*TASK GOAL*
All of the data goes into your copy exactly as written. Images do not.

[COLLECTED DATA — start]

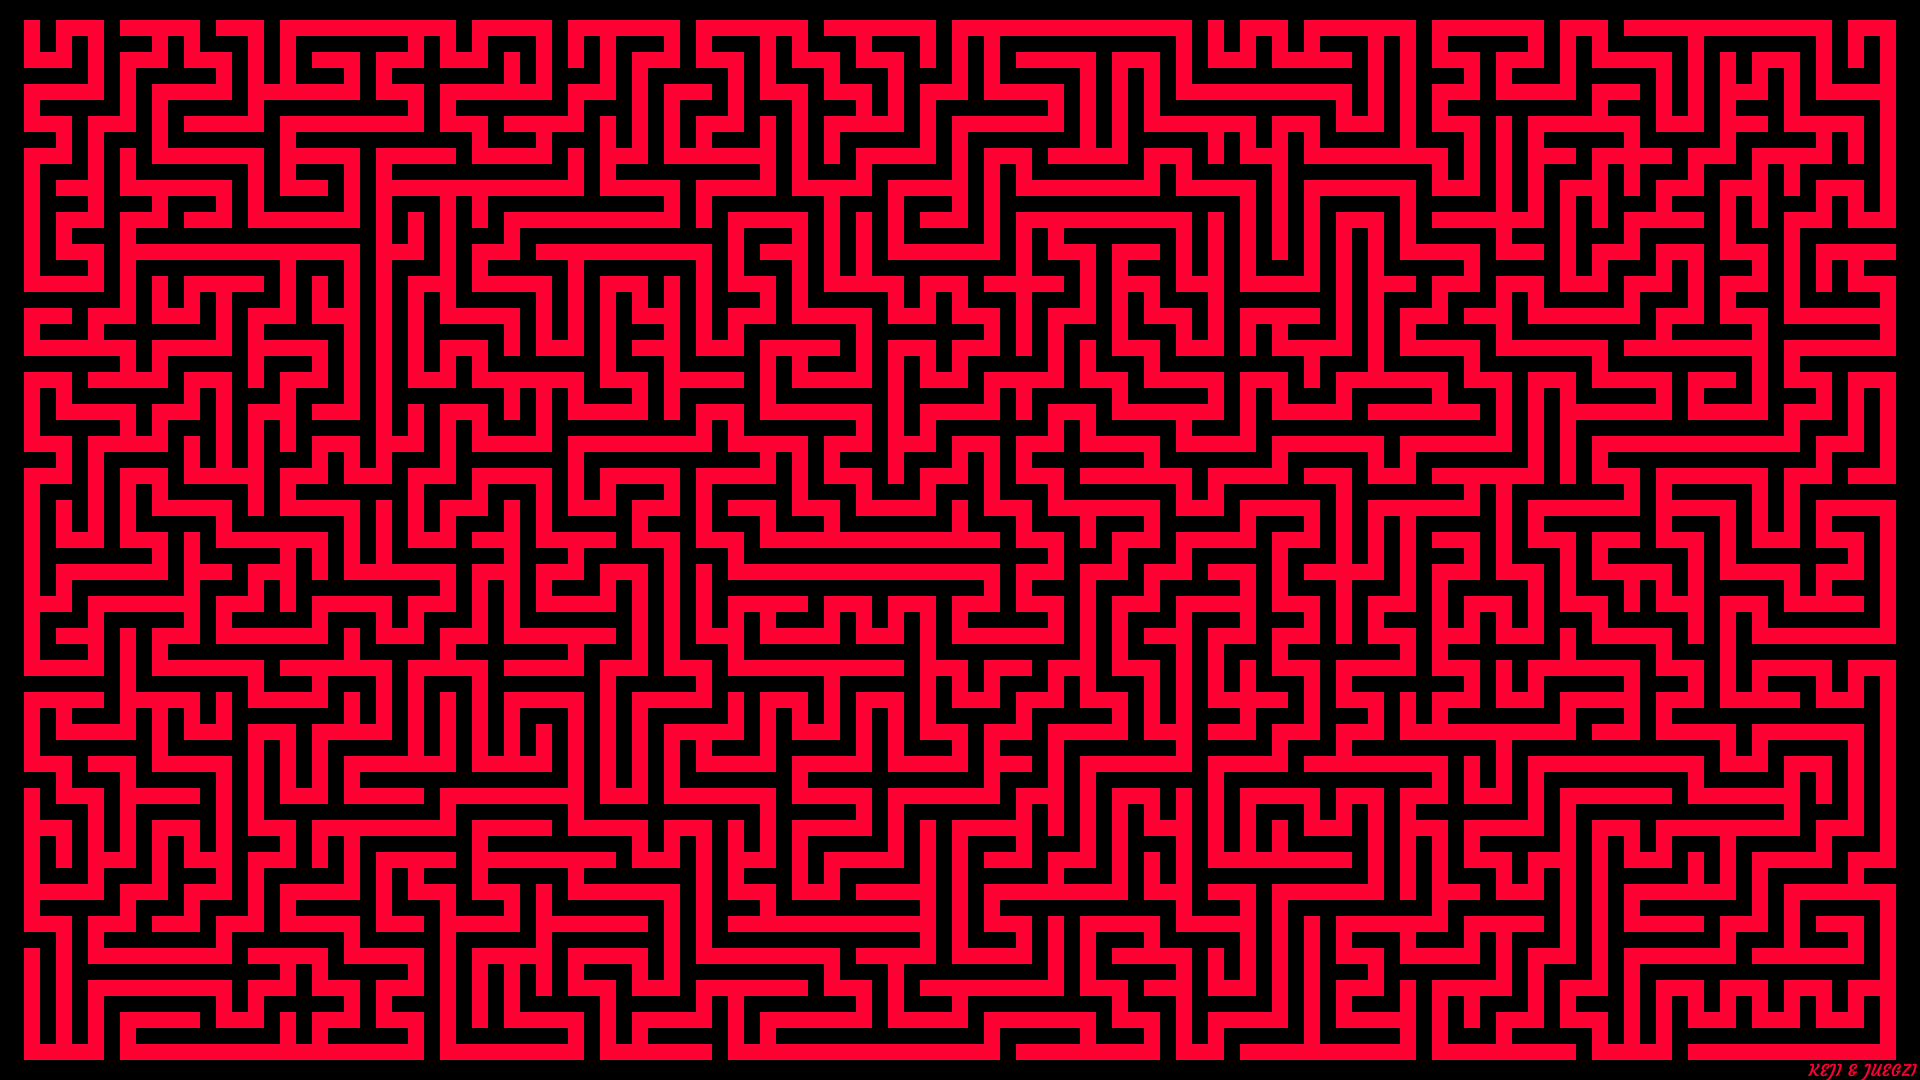 Abstract Artistic Digital Art Maze Pattern Red 1920x1080
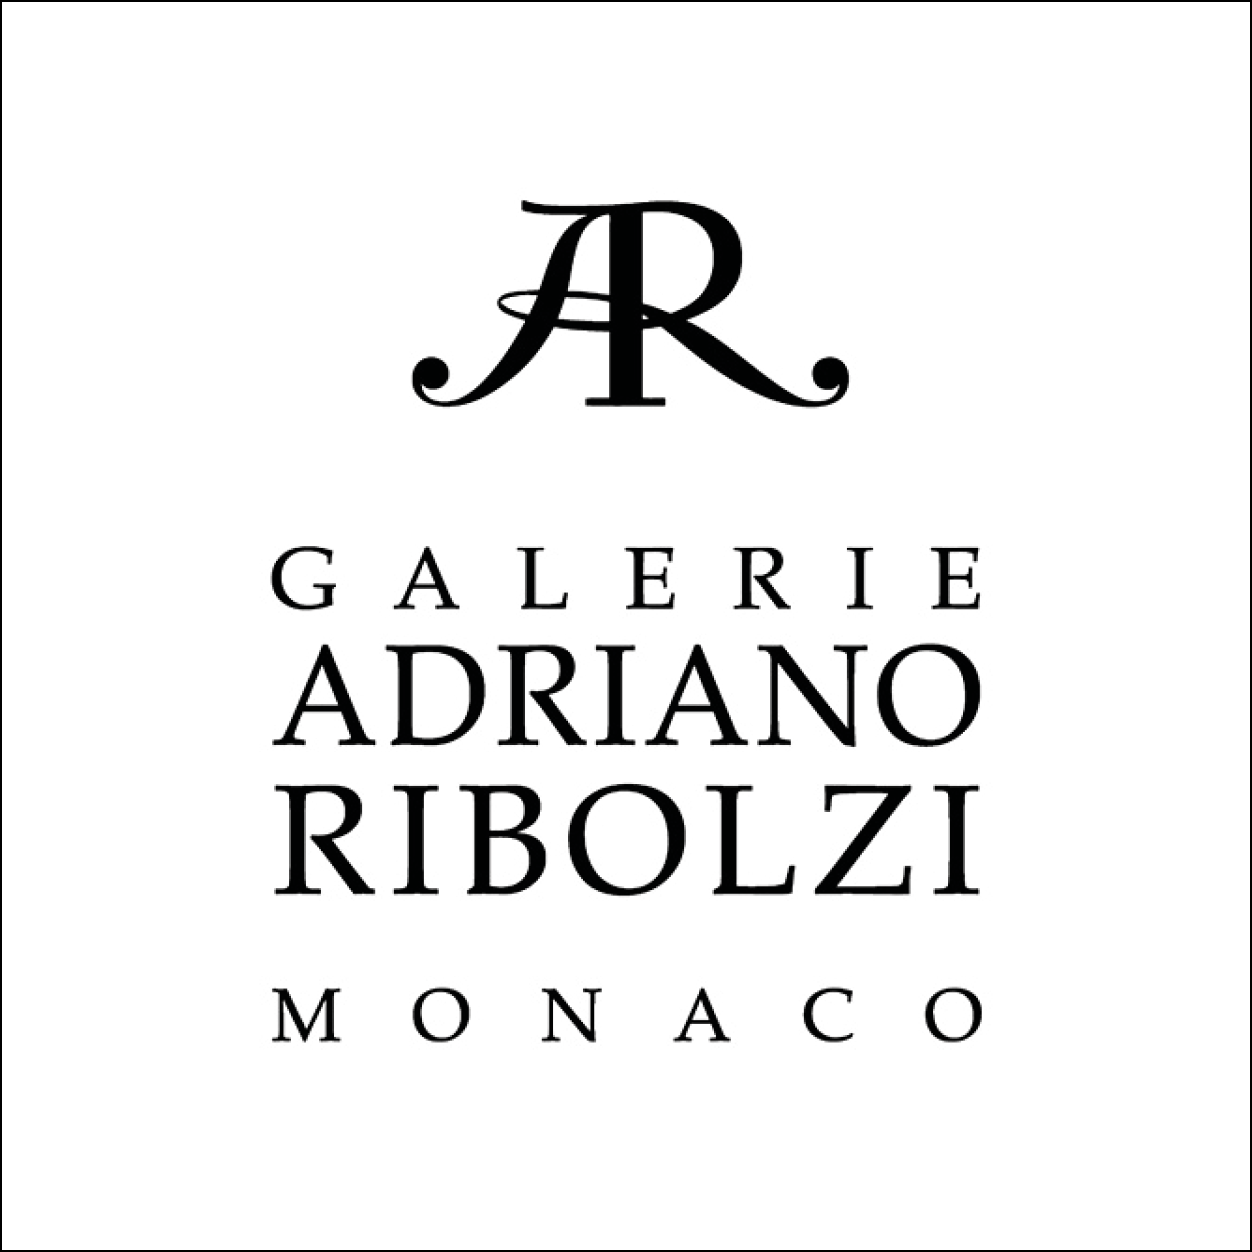 Galerie Adriano Ribolzi
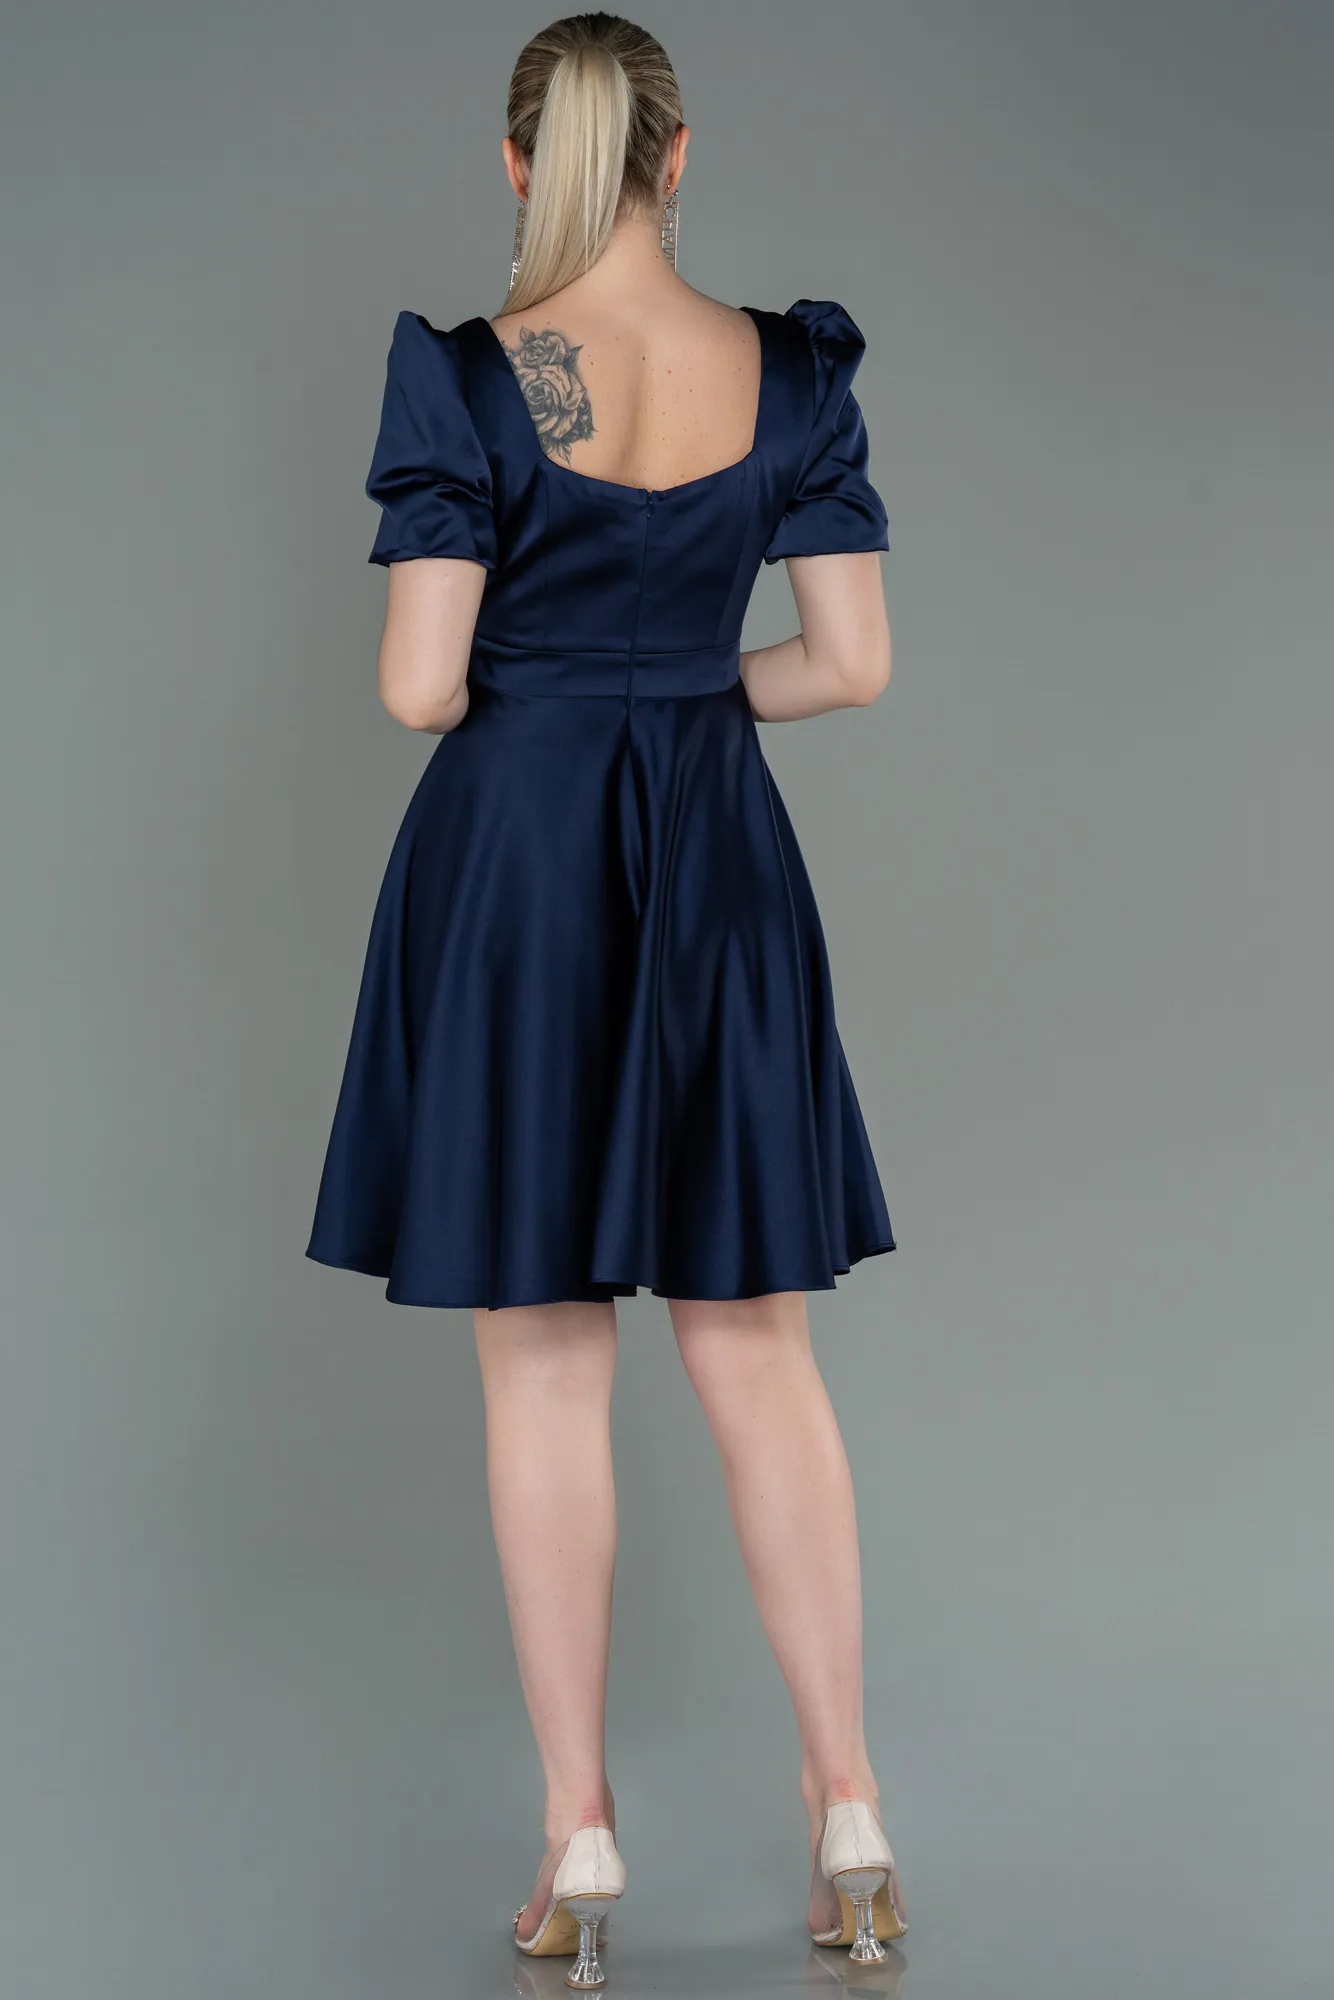 Navy Blue-Short Satin Invitation Dress ABK1792

[COLLECTED DATA — finish]

*RESPONSE TO THE TASK*
 Abstract Artistic Digital Art Maze Pattern Red 1920x1080
 Galerie Adriano Ribolzi
 Navy Blue-Short Satin Invitation Dress ABK1792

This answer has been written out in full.